St. Anthony Monastery

We had arrived at St. Anthony’s Monastery in the desert, the oldest Monastery in the world, having driven through rough country, the usual hot breezy desert colored like coffee with too much milk and seeing nothing living until we crossed through the gate into the monastery grounds. The buildings resembled what one sees in New Mexico. Tall thick walls and few windows to let the light in. Like every adventure in Egypt, it took about 3 hours to reach these very distant retreats,with regular security check-points, until we arrived first at St. Anthony’s then aiming toward the Red Sea, another hour to the Monastery founded by St. Paul (not Paul of Taurus but the Hermit Paul) before returning along the coast back to Cairo. The monastery of St. Paul was larger, more tourist buses, but not as accessible. The monk who gave us the tour only hit the high spots, like the water source, the grinding house where bread was made, which most monks lived on in the early days. Very little grows in this distant soil-less place.

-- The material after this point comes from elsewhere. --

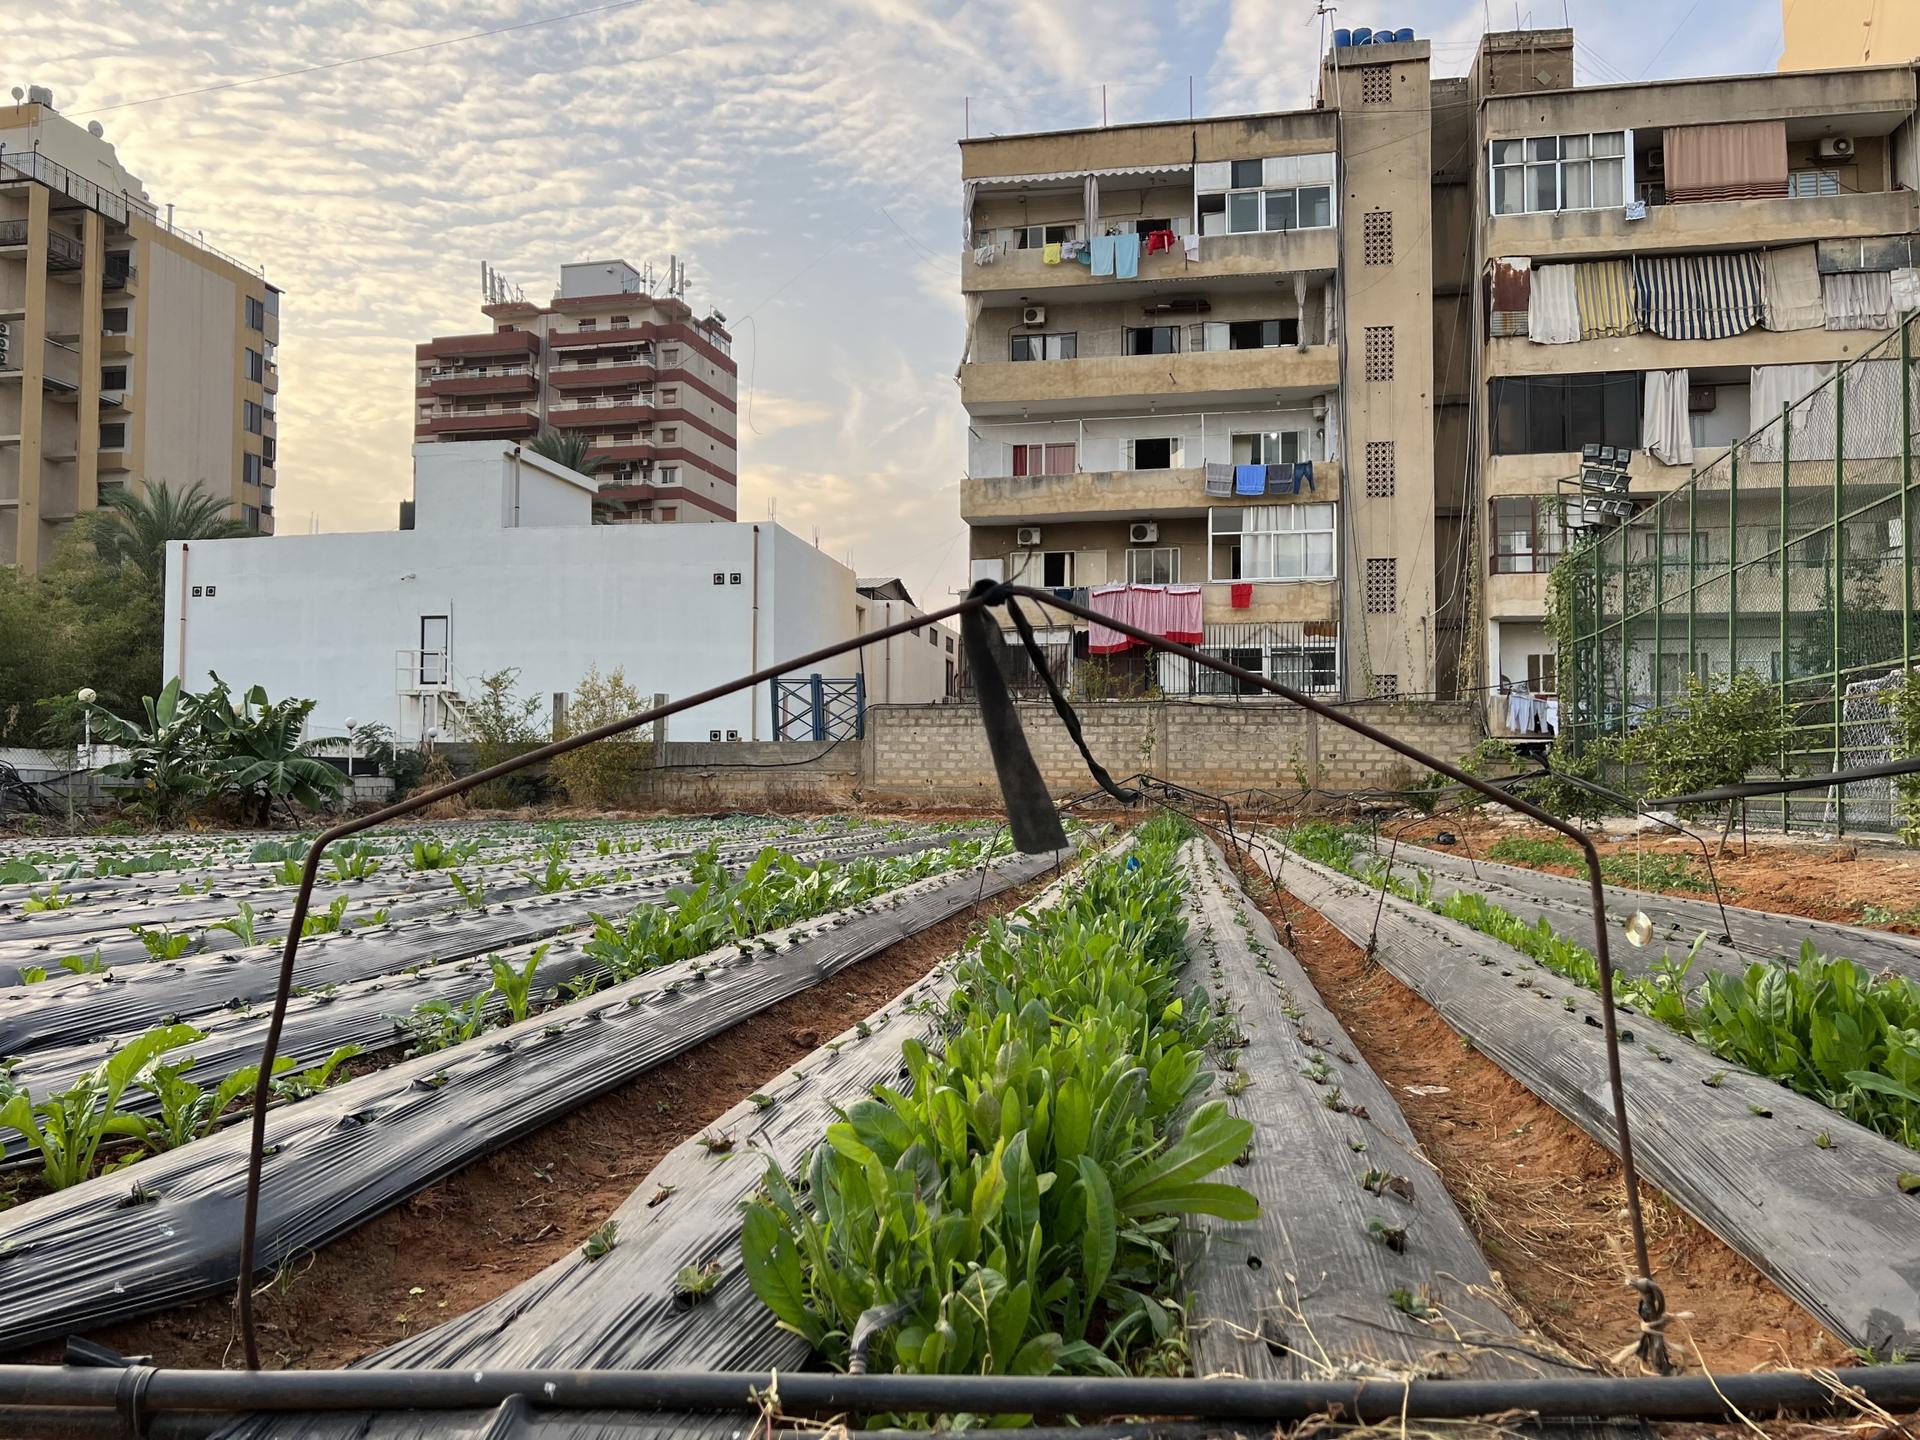 Hanna Mikhael, who is experimenting with ways to help people become more self-sufficient, showed an example of what urban farming can look like in Beirut.

Cell Tower Looking Like Palm Tree

Cell Tower Looking Like Palm Tree

St. Anthony, considered the father of monasticism, was born 251 AD, to rich parents who loved the church and supported the poor. His parents died young and he was left to administer land holdings of the family and to care for his sister. Once he entered the church as a deacon was reading Matthew 19:21 – “If you want to be perfect, go sell what you have and give to the poor and you will have treasure in heaven, and come follow me.” He immediately relinquished his inheritance and family ties and took on strict ascetic habits and a life of prayer constantly combating a stubborn Satan and to combat the demon of boredom and inertia that attacked him at noon.He even spent 20 years in a burial vault with only a single friend bringing him bits of bread now and then. To get away from the fame that was stirring, he went far away to the inner desert near a spring of water and a few date palm trees where the monastery is today and it is worth a visit. Continuing to deal with all the above, he lived in good health on bread and water and probably dates until he reached 105 years. Only two of his disciple monks know where he is buried. In the very large monastery are rooms for the monks and also for pilgrims as well as bus loads of visitors, mostly Egyptians.

Coptic Blessing by a Monk

Coptic Blessing by a Monk

The monks act as guides and we were given a blessing with George, a very gentle and patient young man with the black beard the monks sport, who spoke English and had the keys to get us in to most places others aren’t allowed. The chapels ceilings and walls are covered with treasured frescoes and one special one we were able to visit and George asked if I wanted to pray at the Coptic Door on the other side of which their Eucharist is celebrated. Normally, it is not opened for visitor or congregant or to see the other side, except during the mass, so I felt humbled and really didn’t want to invade with my eyes the other side if it was a violation of anything, but he encouraged me to do so, and left me for a few minutes to pray for my own. He gave me a wooden cross (I’d call it a walking cross) because Coptic monks and priests carry these style crosses with them to bless the faithful or unfaithful with a touch. In return, I gave him the creative and special prayer beads made by our Suzanne Hensley.

The Coptic Door

The Coptic Door

St. Paul and St. Anthony

St. Paul and St. Anthony

There are all sorts of Coptic relics in this small place.

There are all sorts of Coptic relics in this small place.